With Liar’s Dice, Thapa became a well-known name. She plays Kamala, a single mother from a snow-capped town by the Himalayas who travels to Delhi with minimal resources to find her missing husband. The National Film Award win, however, did not immediately flood her with offers or make her a star.
But that’s alright for Thapa. “I do not want to do projects just for the sake of it or to get visibility,” Thapa said. “I want to care about the character I am playing and enjoy my work so it’s alright.”
Winning a National Film Award left an emotional rather than a practical mark on Thapa. “More than anything else, it’s all about the validation you get – how people treat you, especially your family,” she said. “My mother and father stuck with me through thick and thin when there were a lot of pressures and questioning coming from my relatives. My parents sheltered me through all that. Now, I see the smile on their faces and how proud they feel. That is what is most important.

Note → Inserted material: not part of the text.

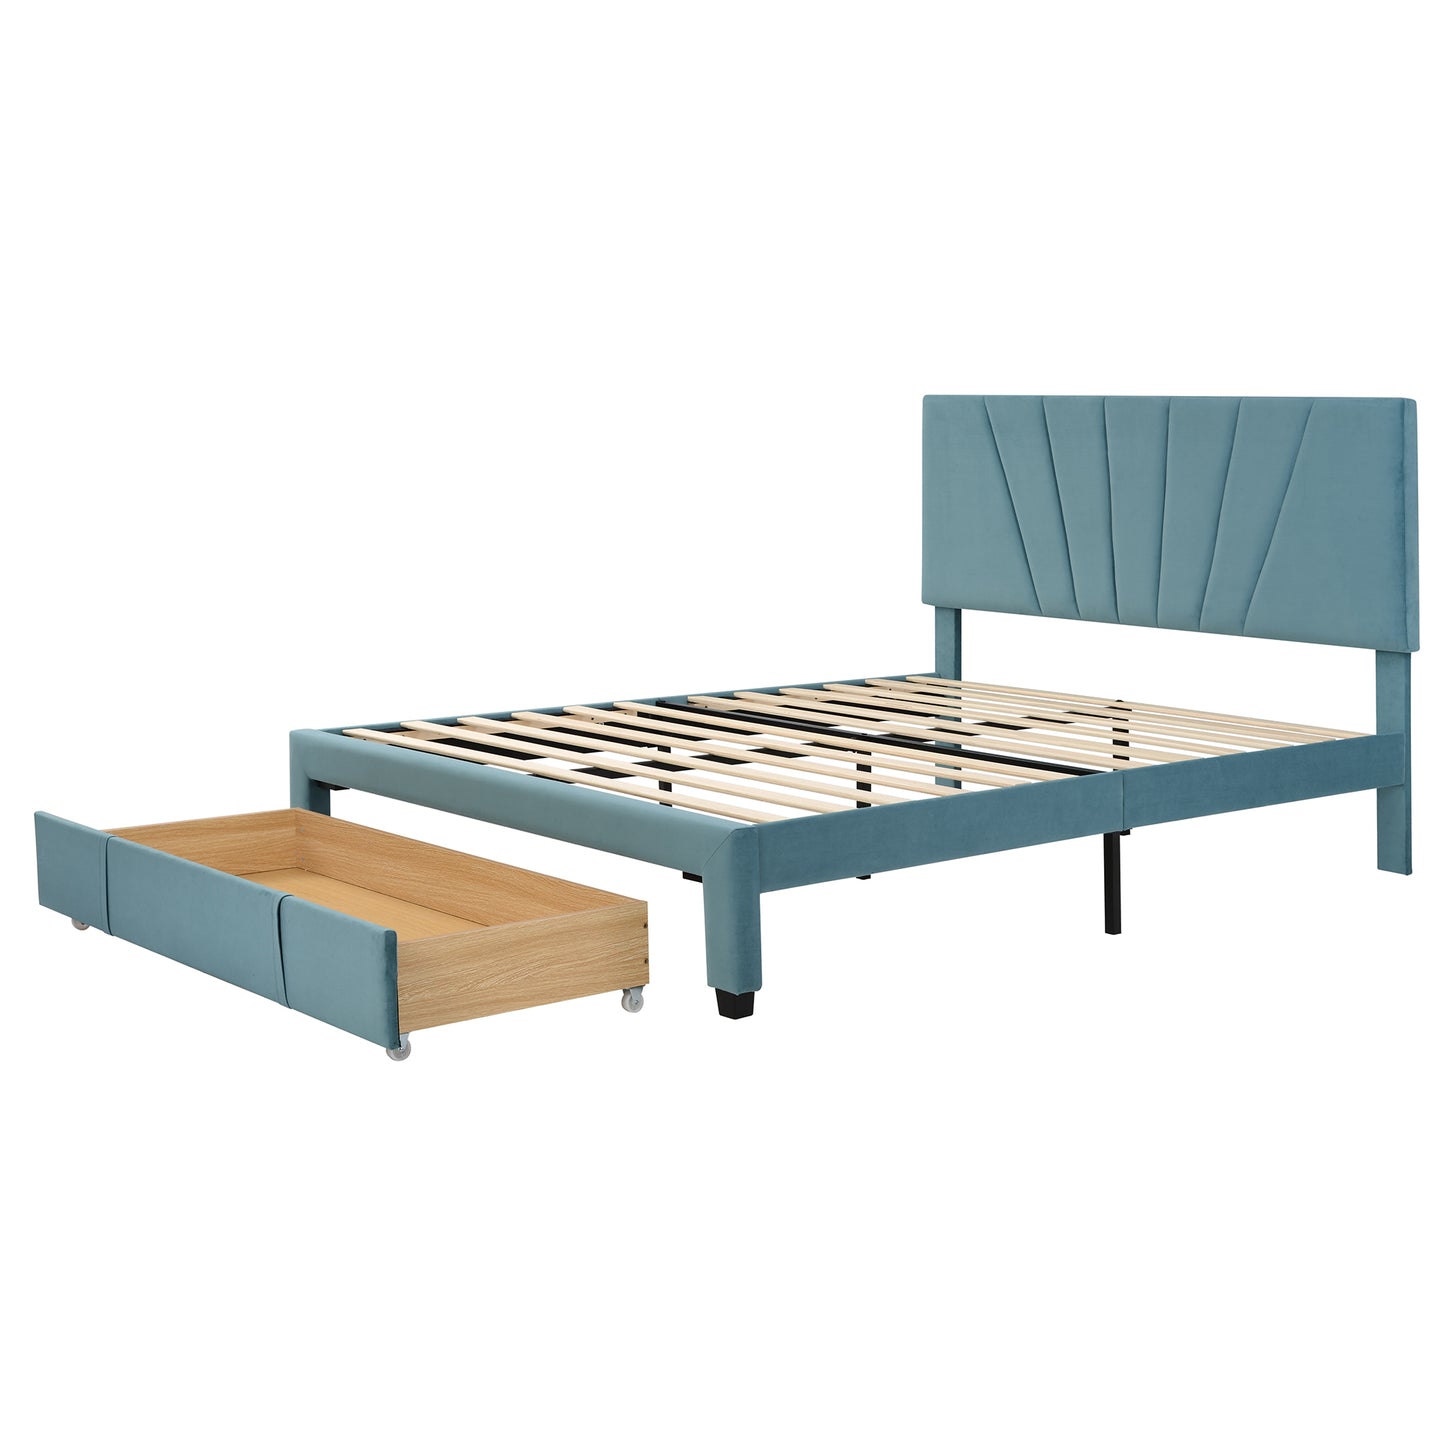 SYNGAR Upholstered Queen Platform Bed Frame with Storage Drawers, Queen Size Storage Bed with Velvet Headboard, Mattress Foundation with Strong Slats, No Box Spring Needed, Noise Free, Blue

And the questioning has stopped too.”
After acting in a series of sombre films, Thapa says that she wouldn’t mind a big song-and-dance film, provided the character is well etched. She has never been asked to audition for any such film except the one time when she was asked to do a “little jive” to a song.
“In all my auditions, I have to go into backstory and finding my character and here I was being asked to groove and I was like ‘Huh what?’,” Thapa said.
In her short career, Thapa has worked with Anurag Kashyap (the short film That Day After Everyday), Motwane, Onir, Tanovic and Bjiu, among others. Is there any director on her wish list? “Maybe, someone out there is writing a brilliant role for me right now in what might be his or her first film,” Thapa said. “Maybe, that’s what I am waiting for now.”